Ed Kashi: In some ways, you can achieve this traditionally, but through using the new tools. If you want to promote nomadic tourism, you can go out and spend time with them and photograph them, learn about their history, culture, life, and compile that into a presentation on your website, social media, where you be like: “come to Iran and experience nomadic life”. Instead of leaving it out there like a vague concept, you explain their history and culture. Their dos and don’ts. To put it simply, it’s the idea of a more informed and considerate traveler.
Classical traveling is usually more glamorous. But cultural traveling doesn’t seem so. How can we make up for that? I know that storytelling can help to compensate for otherwise lifeless photos. We all fancy interesting, epic or even simple stories.
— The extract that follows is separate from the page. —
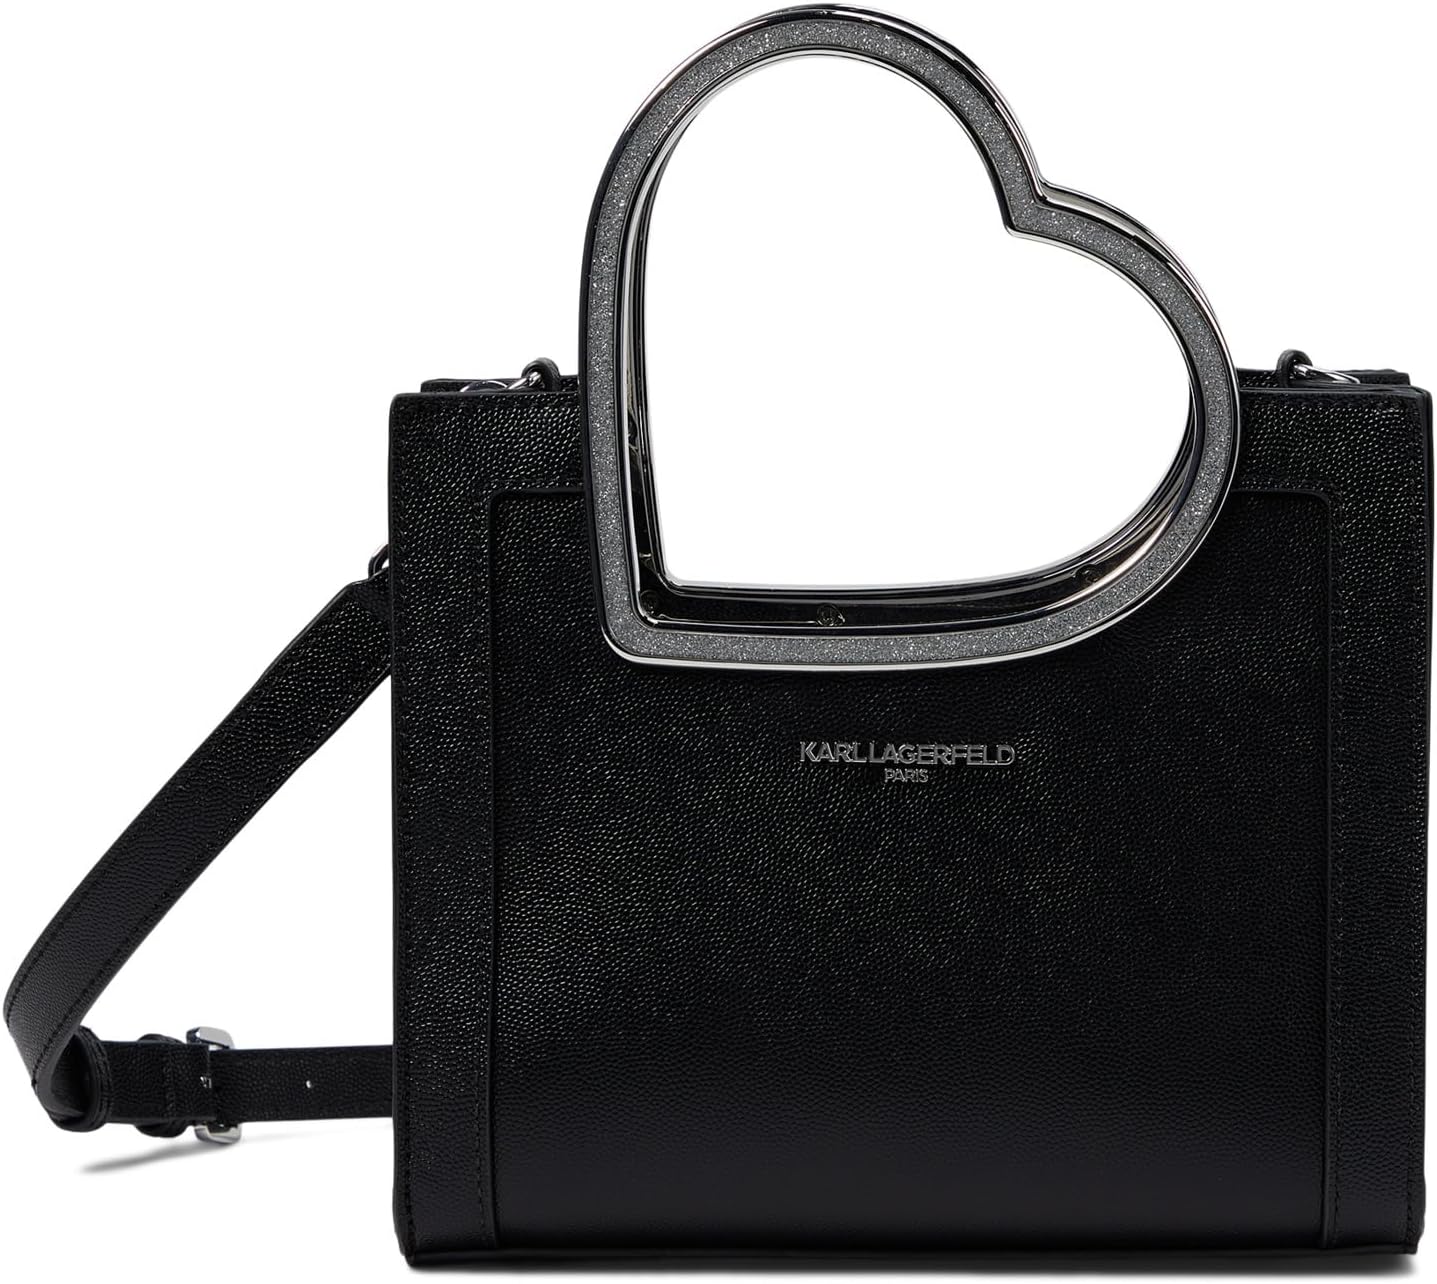 Маленькая сумка-тоут в стиле модерн Karl Lagerfeld Paris, цвет Black/Silver кроссовки karl lagerfeld kapri ikonic twin black silver

Ed Kashi: My feeling is that, anyone who comes to Iran to spend time with the nomads, has a sense of curiosity. You need to appeal to those senses. If you’re promoting Costa Rica for example, then you would have a different approach, you need to define a different philosophy. With Iran and its historic sites, you need people to come visit but not destroy them. In one of his books, Mark Twain talks about how American tourists ran up to the Great pyramids and started taking bits of stones as a souvenir. Today that would be unthinkable. You’d end up in an Egyptian prison or something. When I think back on how people used to travel, when there was less awareness, consideration and respect for other people or places, I become more hopeful about our potential for growth in such areas. The world is smaller now and you need to make something that will resonate for other people and have meaning for them. That’s a way to send a powerful message and hopefully you’ll attract people who behave well and appreciate nomads of Iran. Or the rainforests of Costa Rica. They just appreciate it and not trample it.
Any other stories about life with the locals? Photographing them?
Ed Kashi: Wow. Stories. I’m a storyteller. I should be able to do this but to be honest, there are too many and I don’t know which one really sticks out.
Haha. Alright. Another question: if you travel to Iran, will that be for personal reasons or some kind of business?
Ed Kashi: Personal project to look at the history of the name Kashi, it seems that it’s also the original name of in kashkar in china. These 3 places have the same name. So I thought it’ll be an interesting project to work on. A deep dive into history and culture.
Also, my father used to sell zenith radios in Iran in the 1930s. So my mother and father have a connection to Iran. At this stage in my life this project feels like a breath of fresh air. To learn about history and people. Not just a trivial excuse to travel.
So to focus on a lighter project than your usual work. I hope you do find where the name comes from. Any photos of yourself that you like best?
Ed Kashi: I always look tired. The picture that I like most is a picture of my son that was taking a selfie and I photobombed him. Just my eyes in the picture, I look like a weirdo. But it has meaning. Photography creates our memories, collective memories. I immediately go to my son’s picture because it has some significance for me. It was the day we sent him off to college.